(Raw data)

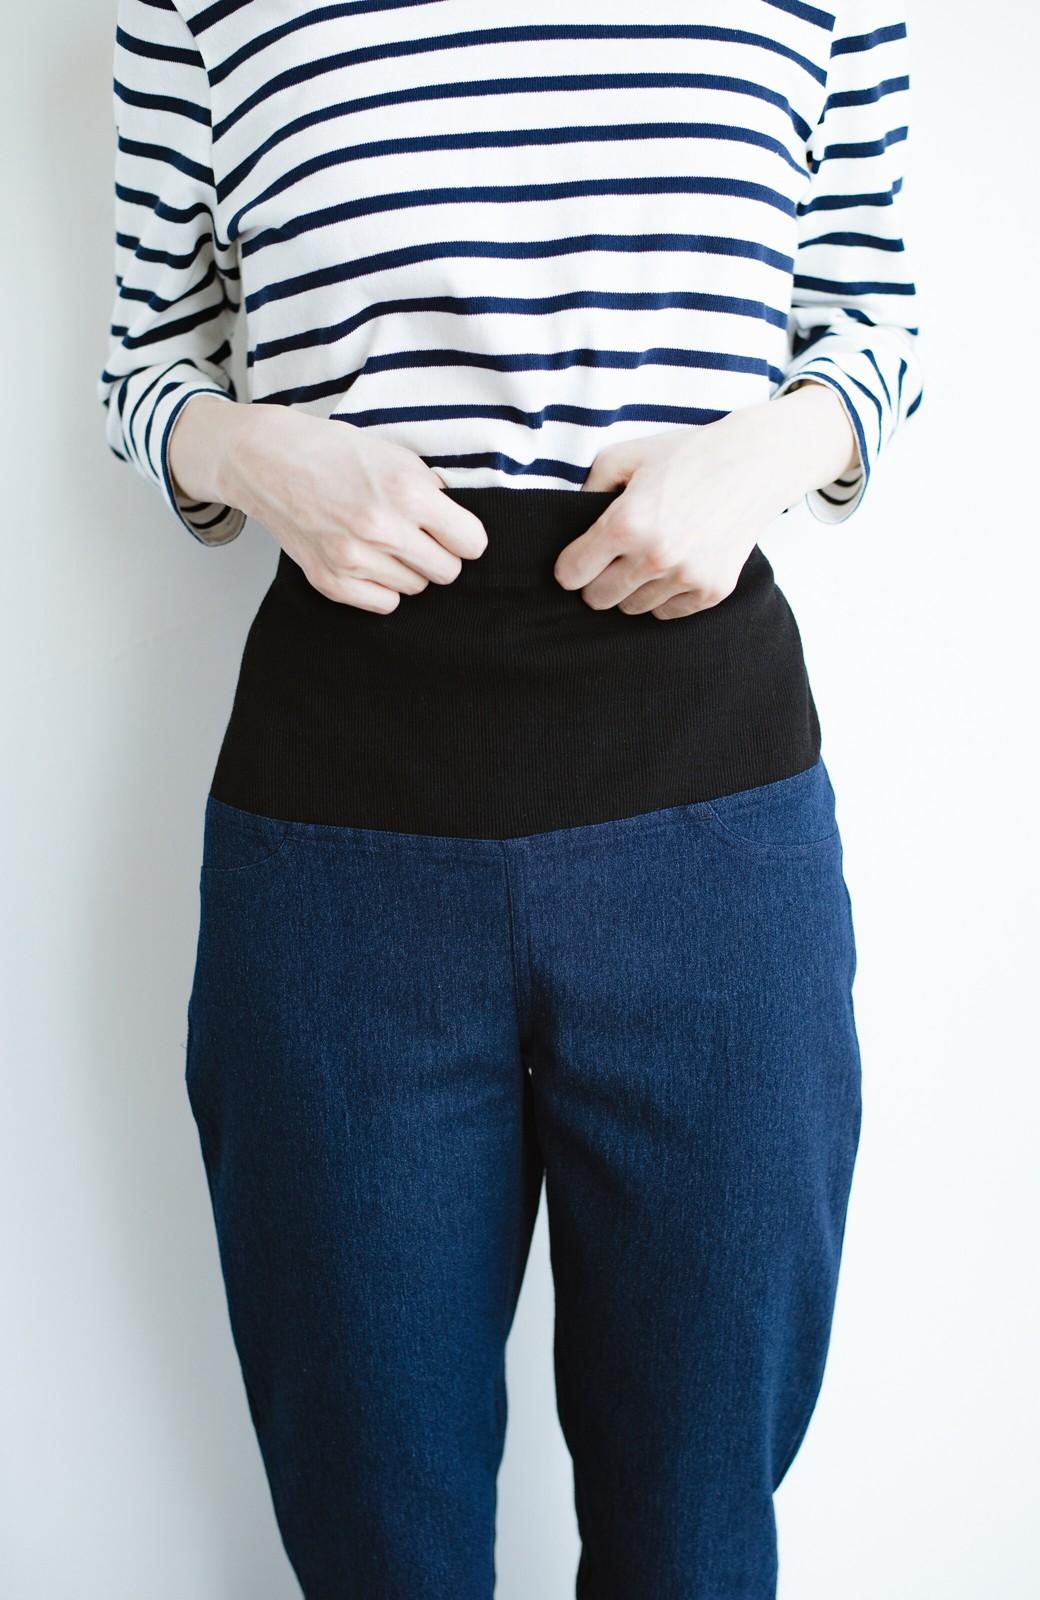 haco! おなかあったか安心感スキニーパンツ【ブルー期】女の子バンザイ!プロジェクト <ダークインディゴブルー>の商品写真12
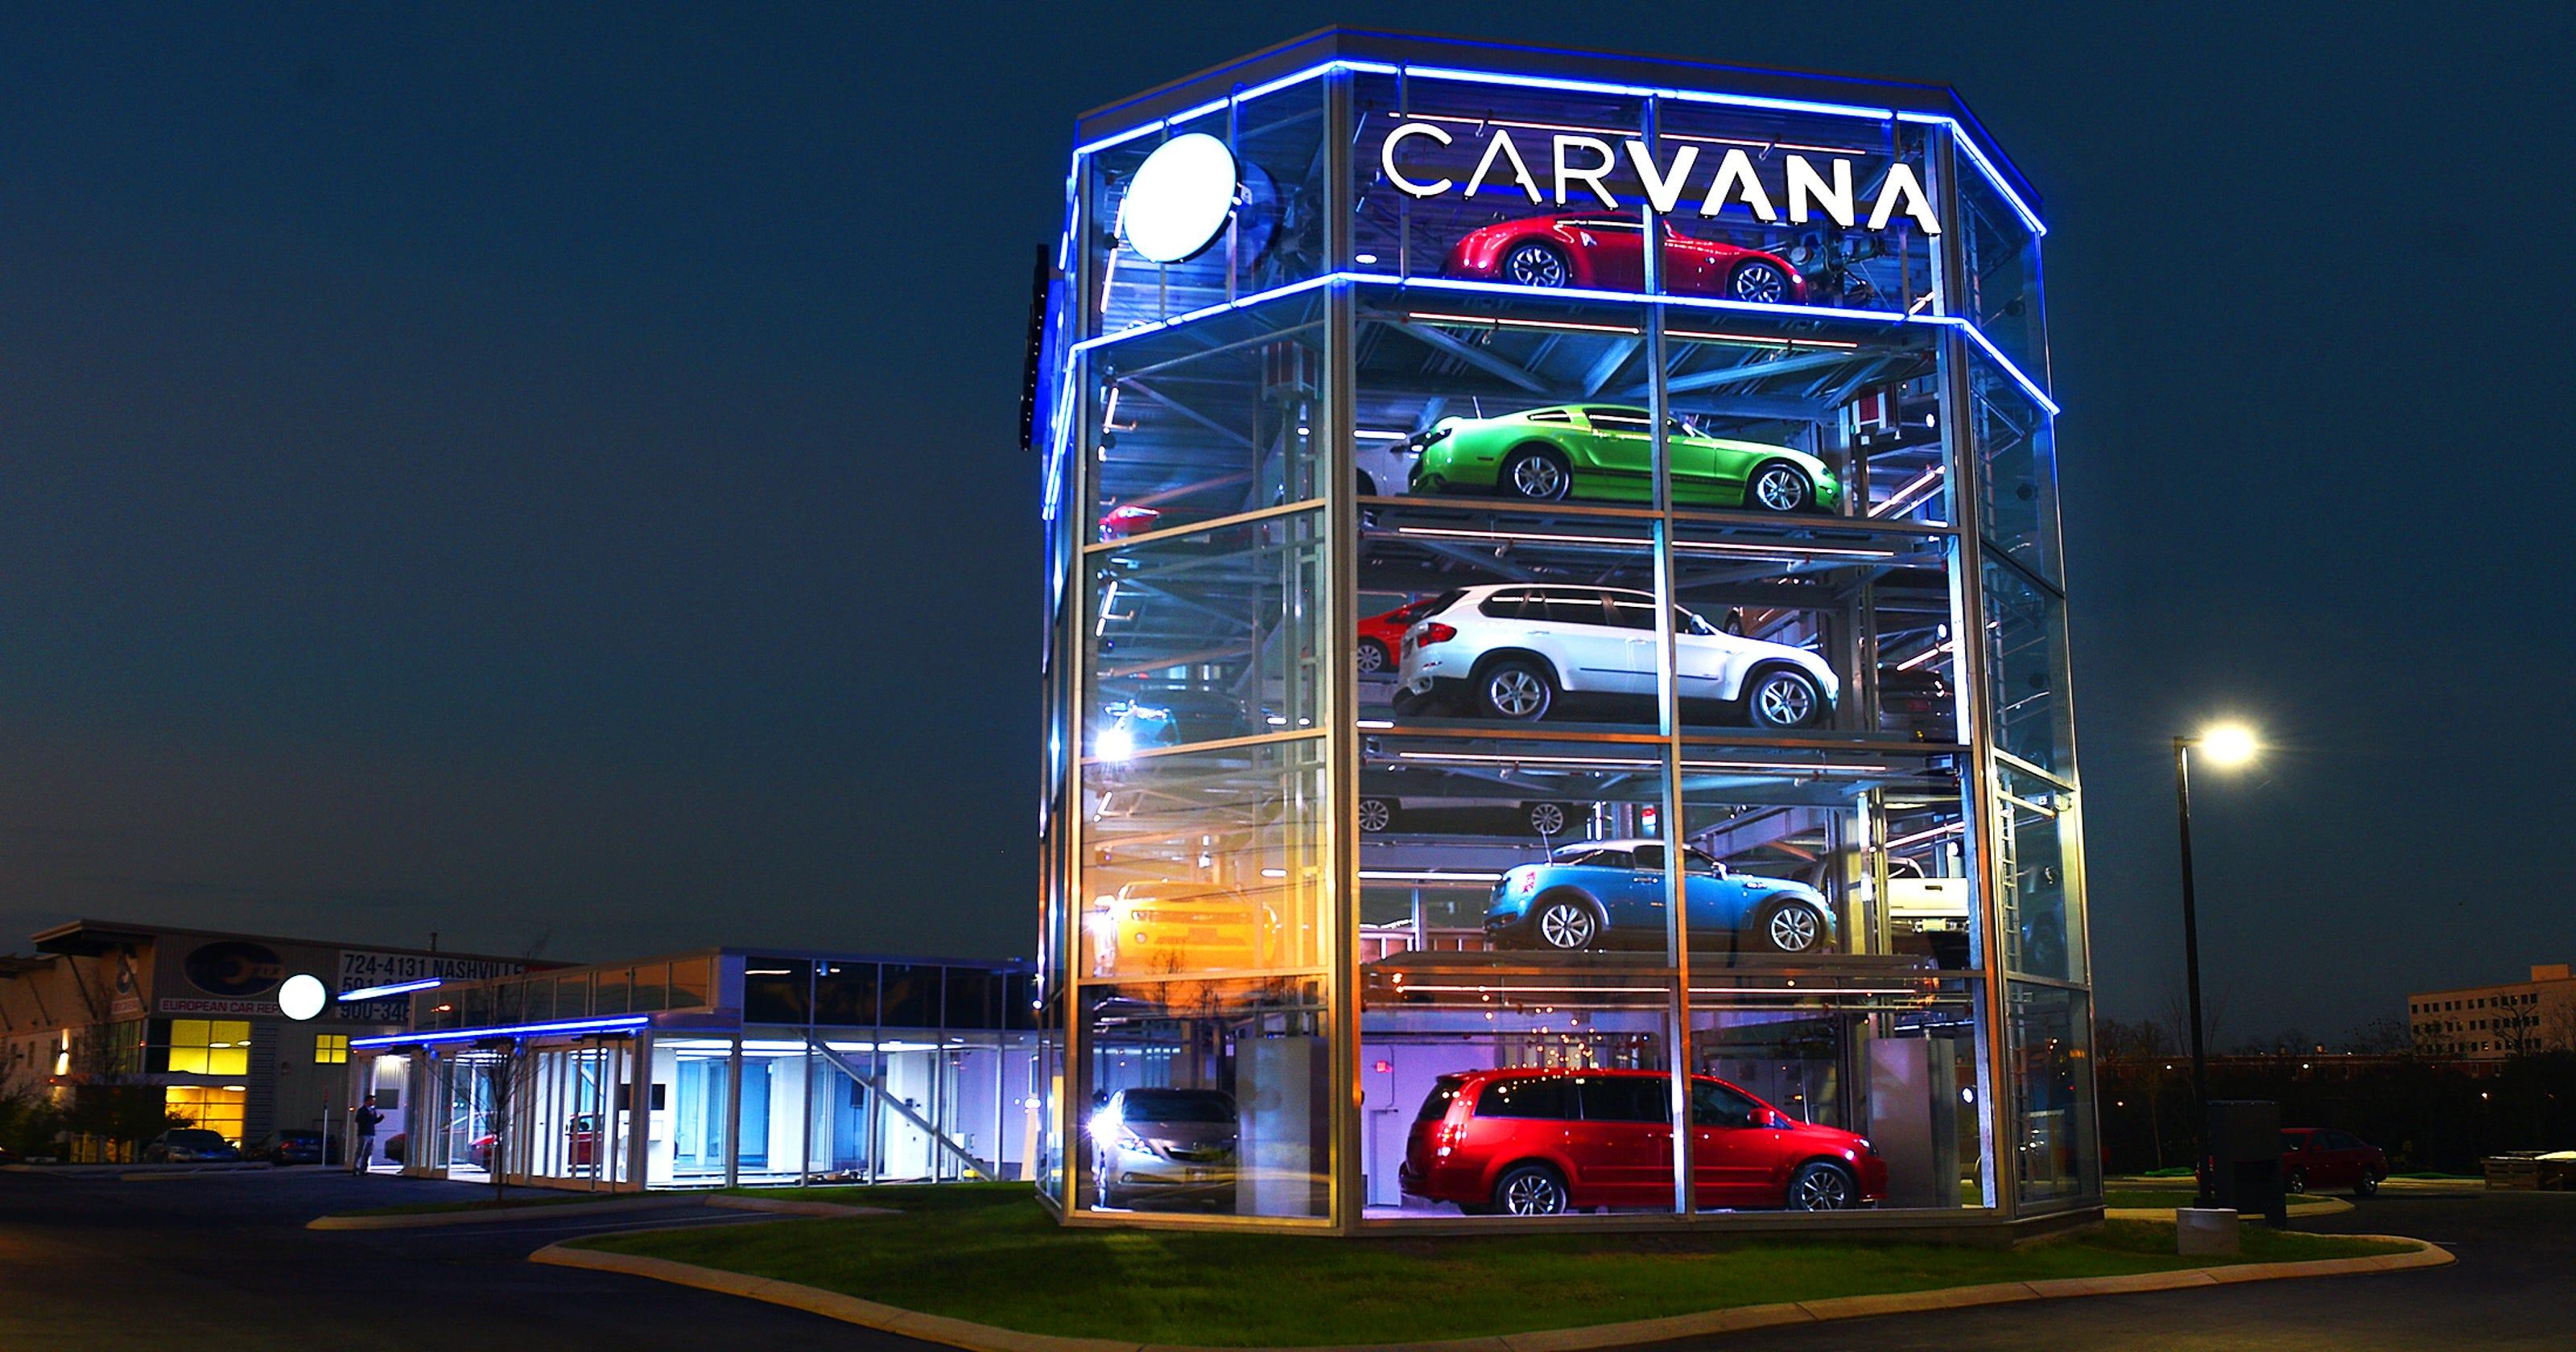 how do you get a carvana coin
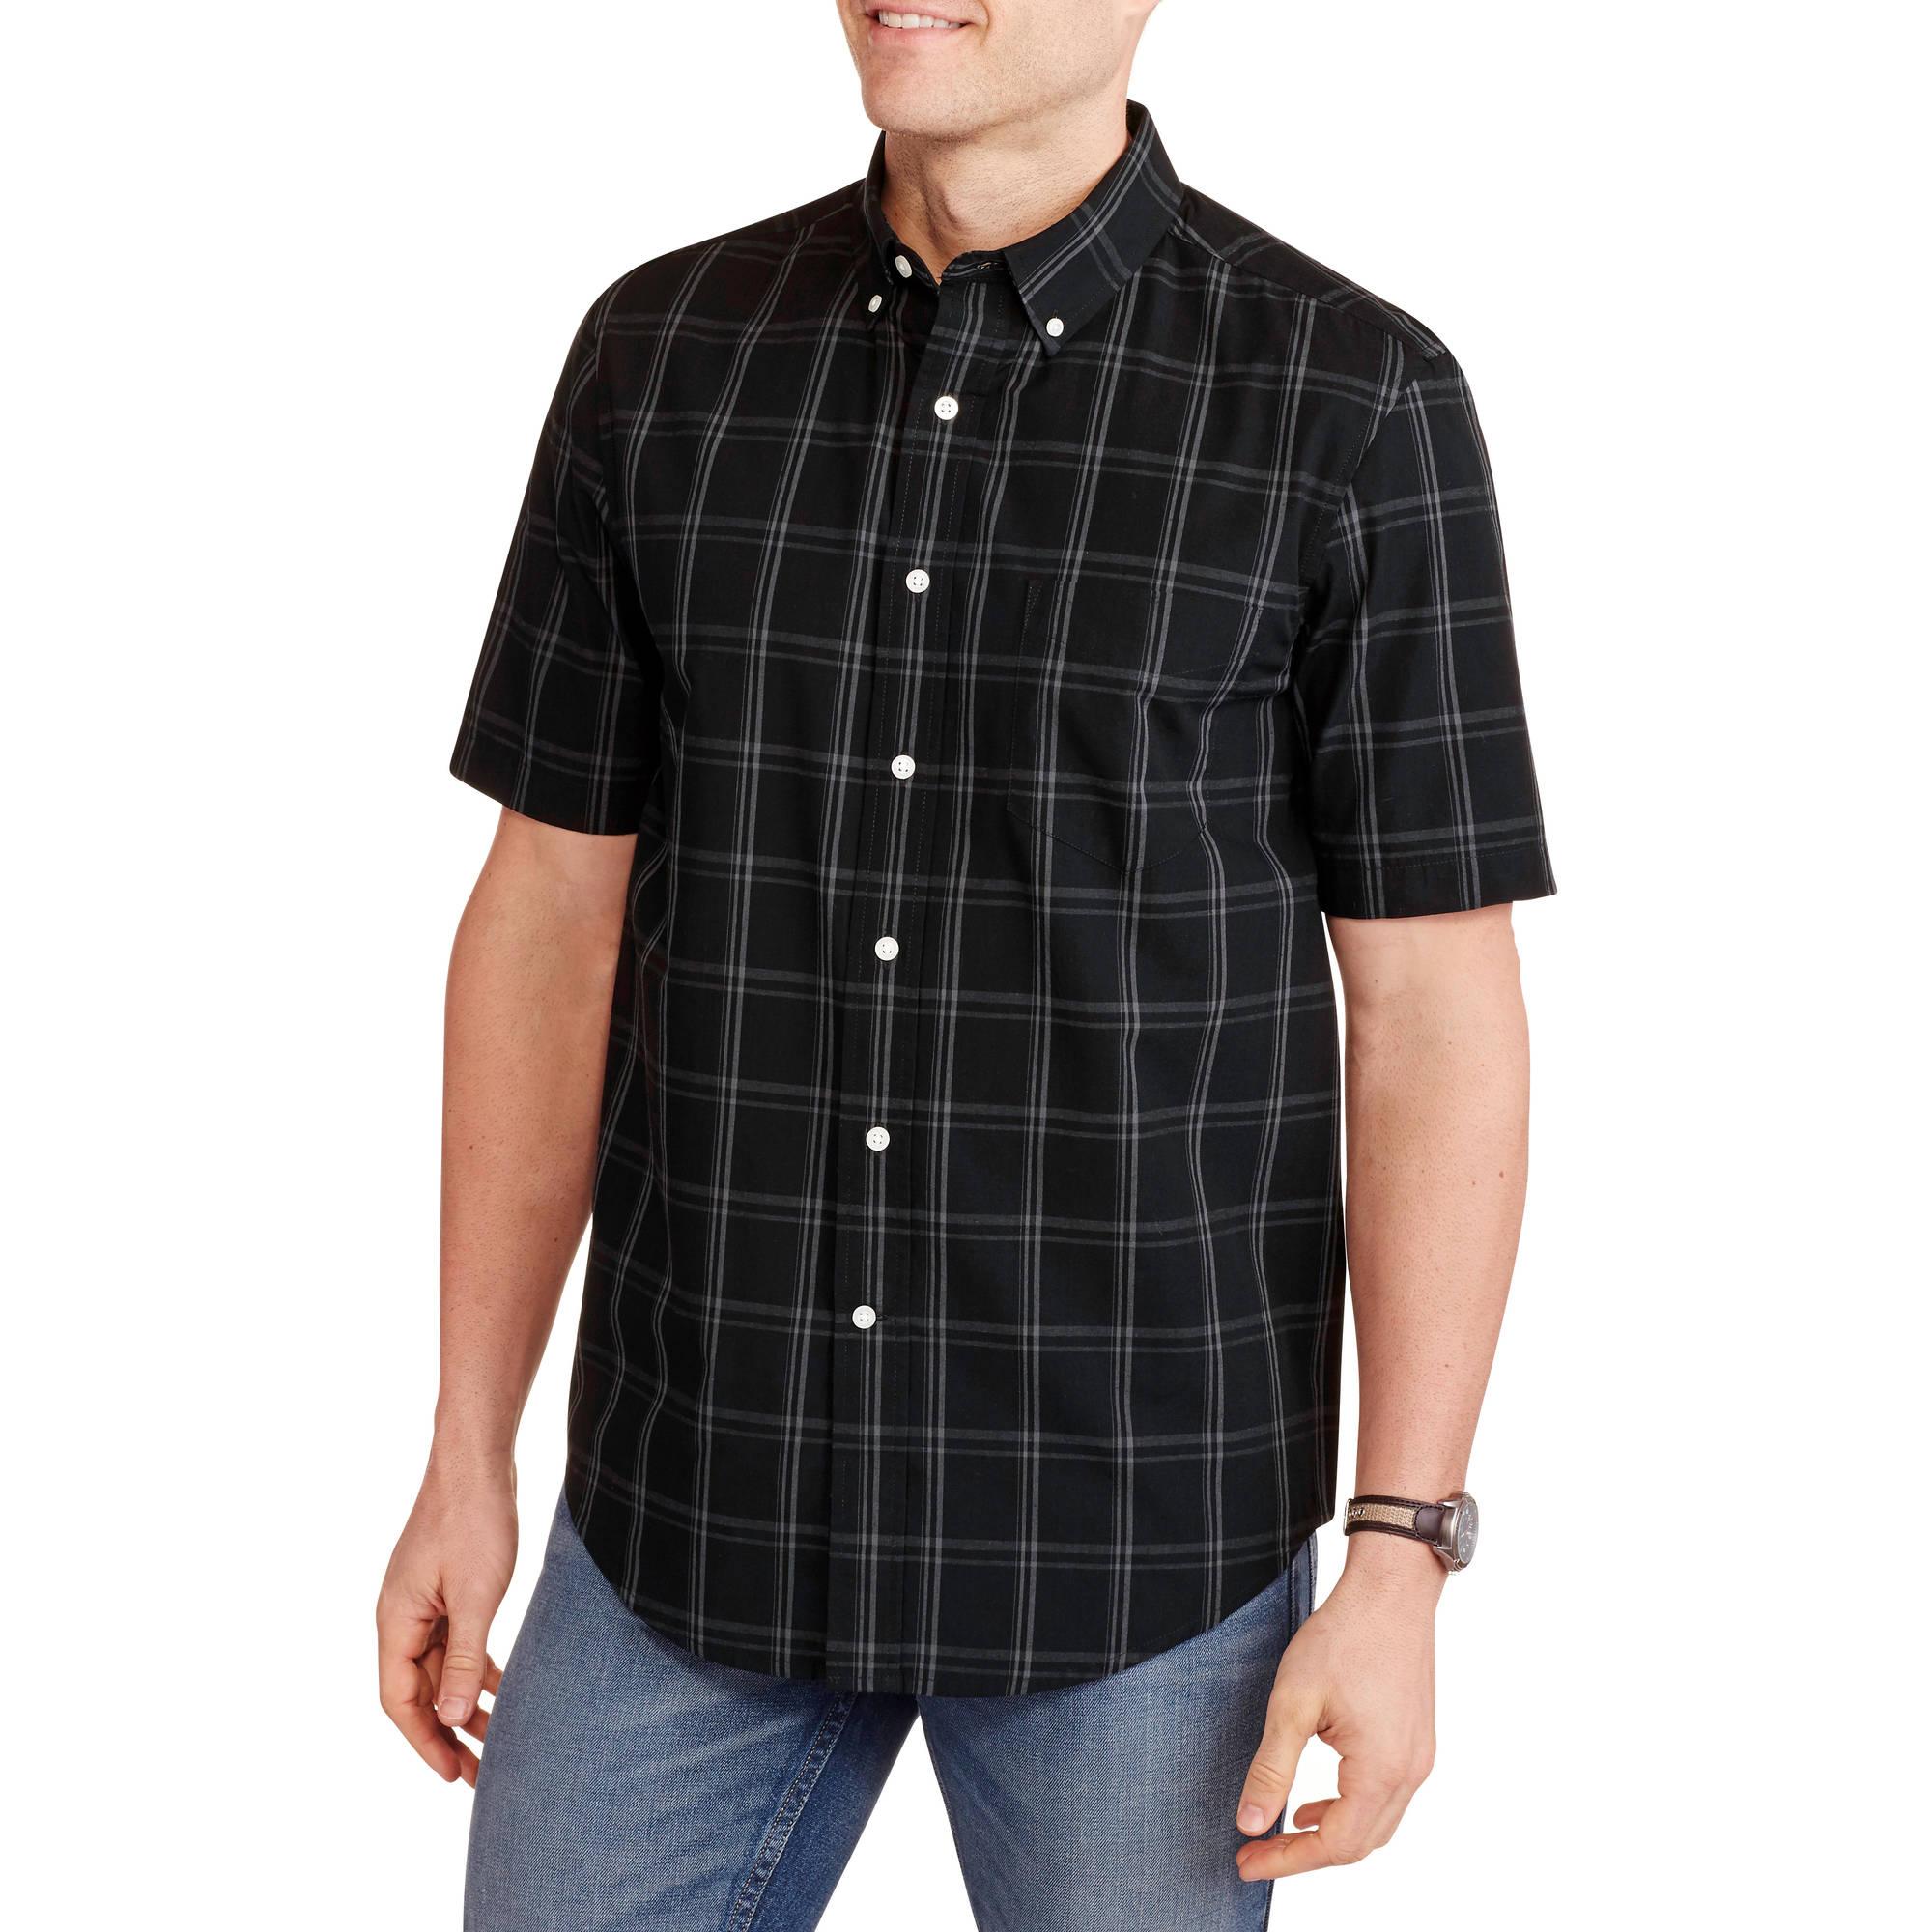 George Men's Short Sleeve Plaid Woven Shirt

(What is needed)
Please copy out the whole listing exactly, minus its pictures.

(Answer space)
 haco! おなかあったか安心感スキニーパンツ【ブルー期】女の子バンザイ!プロジェクト <ダークインディゴブルー>の商品写真12
 how do you get a carvana coin
 George Men's Short Sleeve Plaid Woven Shirt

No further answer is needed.